The 3.5m Park Pathway Garden Light 20W is a standard split-type solar streetlight designed for pedestrian-scale illumination. Its 3.5m pole height, 20W LED engine, 40Wp solar module, and 150Wh LiFePO4 battery deliver balanced performance with up to 4-day rainy-weather autonomy in temperate climates. The configuration targets 12-hour nightly operation on a dusk-to-dawn cycle, 4000K neutral-white lighting, and a low-maintenance service life suited to parks, pedestrian pathways, residential gardens, campuses, and public open spaces. From a buyer's perspective comparing options, this model occupies the practical middle ground between compact 10W bollard-style units and larger 30W–60W roadway luminaires.

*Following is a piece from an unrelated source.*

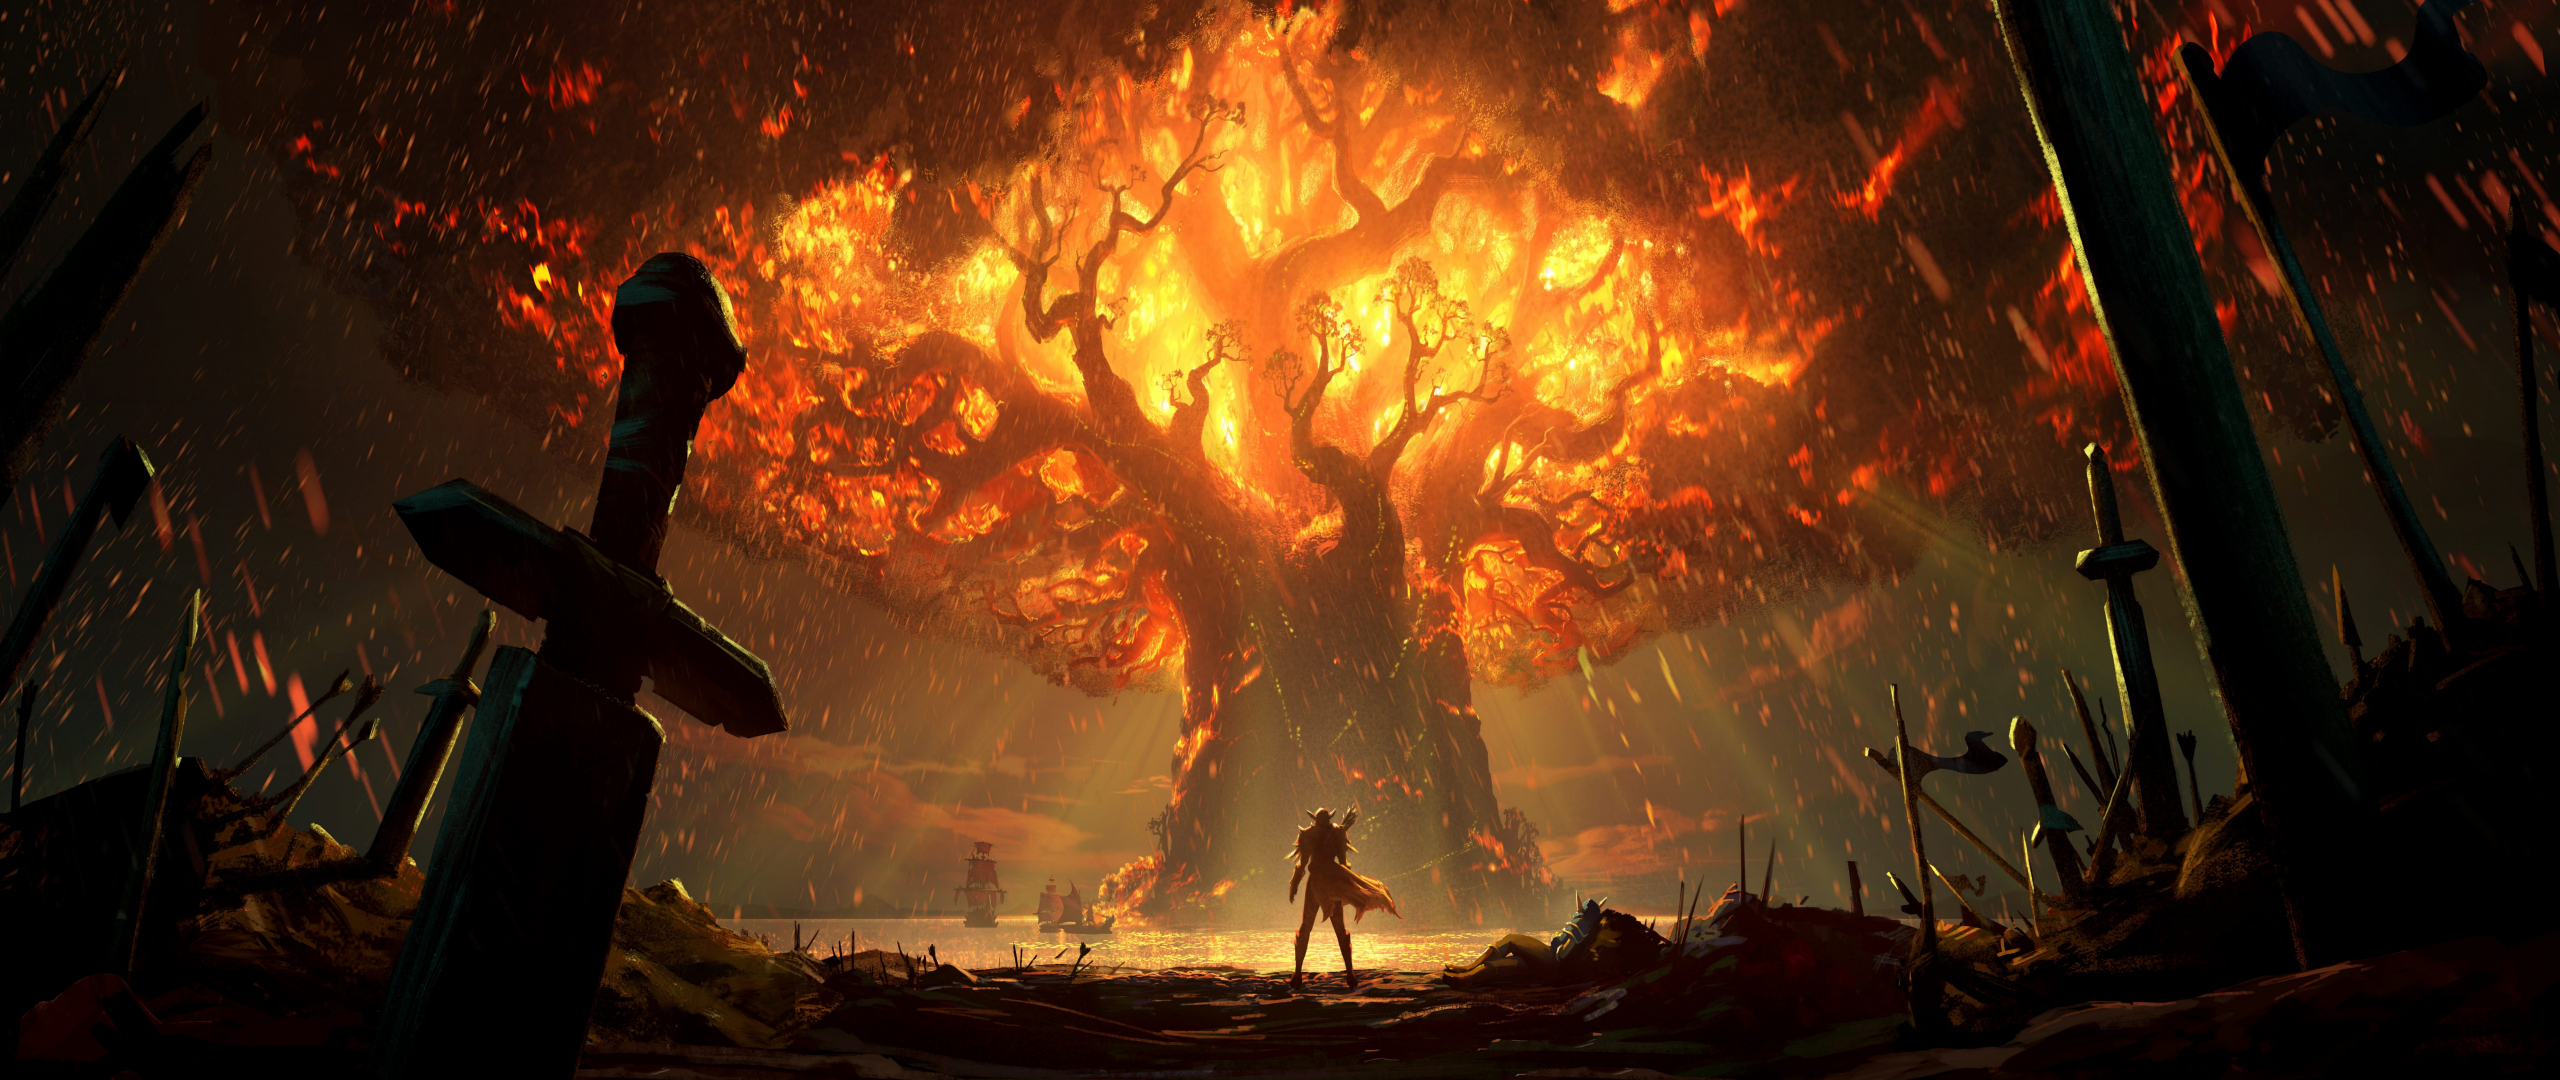 Download 2560x1080 Wallpaper World Of Warcraft Battle For

Within the solar-streetlight product line, this variant is optimized for low-speed and pedestrian environments where installation heights typically range from 3m to 4m. Pole spacing is commonly 12m to 18m, with target average illuminance generally between 5 lux and 15 lux depending on site geometry. The 20W LED output is well-suited to walkways approximately 2m–5m wide, park circulation paths, community greenways, and landscape roadways where glare control matters as much as brightness. Buyers can compare this 3.5m garden model with taller 5m, 6m, and 8m roadway systems via the "View all Solar Street Light products" page.
The system combines a 40Wp monocrystalline TOPCon solar panel (module efficiency in the 19%–23% range), a 150Wh LFP battery pack, and a high-efficiency LED luminaire built on mainstream chips from Bridgelux, Cree, or Lumileds. Package-level luminous efficacy exceeds 170 lm/W. Once realistic optical and driver-system factors are applied, the delivered (fixture-level) output of this 20W-class garden light is typically 2,800 lm to 3,200 lm — appropriate for pedestrian zones with proper pole spacing and beam distribution. The pole is specified in aluminium alloy, roughly 30% lighter than equivalent galvanized steel on an installed-mass basis, and offers improved corrosion resistance in landscaped environments exposed to irrigation splash.
The nominal configuration for procurement and engineering review is: 3.5m pole height, 20W LED power, 3,000 lm luminous flux, 40Wp solar panel, 150Wh LiFePO4 battery, 4-day rainy-weather autonomy, aluminium-alloy pole material, 120 km/h wind resistance, -20°C to +55°C operating temperature, 12h/day lighting, 3-year system warranty, and 5-year pole warranty. The battery chemistry is LFP, selected for its 2,000+ deep cycles, excellent thermal stability, and lower fire risk relative to many high-energy chemistries. The controller uses MPPT at greater than 98% efficiency and supports programmable dimming curves and optional 4G/LoRa telemetry.
This architecture follows a split-component solar street light design rather than an all-in-one body, improving thermal separation between the LED driver, battery, and PV module. In practice, the split configuration can lower battery thermal stress by 5°C–15°C versus tightly integrated housings under strong daytime irradiance, helping preserve cycle life. The 40Wp panel charges the 150Wh battery via an MPPT controller sized to maximize winter yield in temperate regions, and the 20W luminaire is scheduled through dimming profiles such as 100% for 4 hours / 50% for 6 hours / 30% for the final 2 hours, or via PIR-triggered brightness boost for dusk-to-dawn operation.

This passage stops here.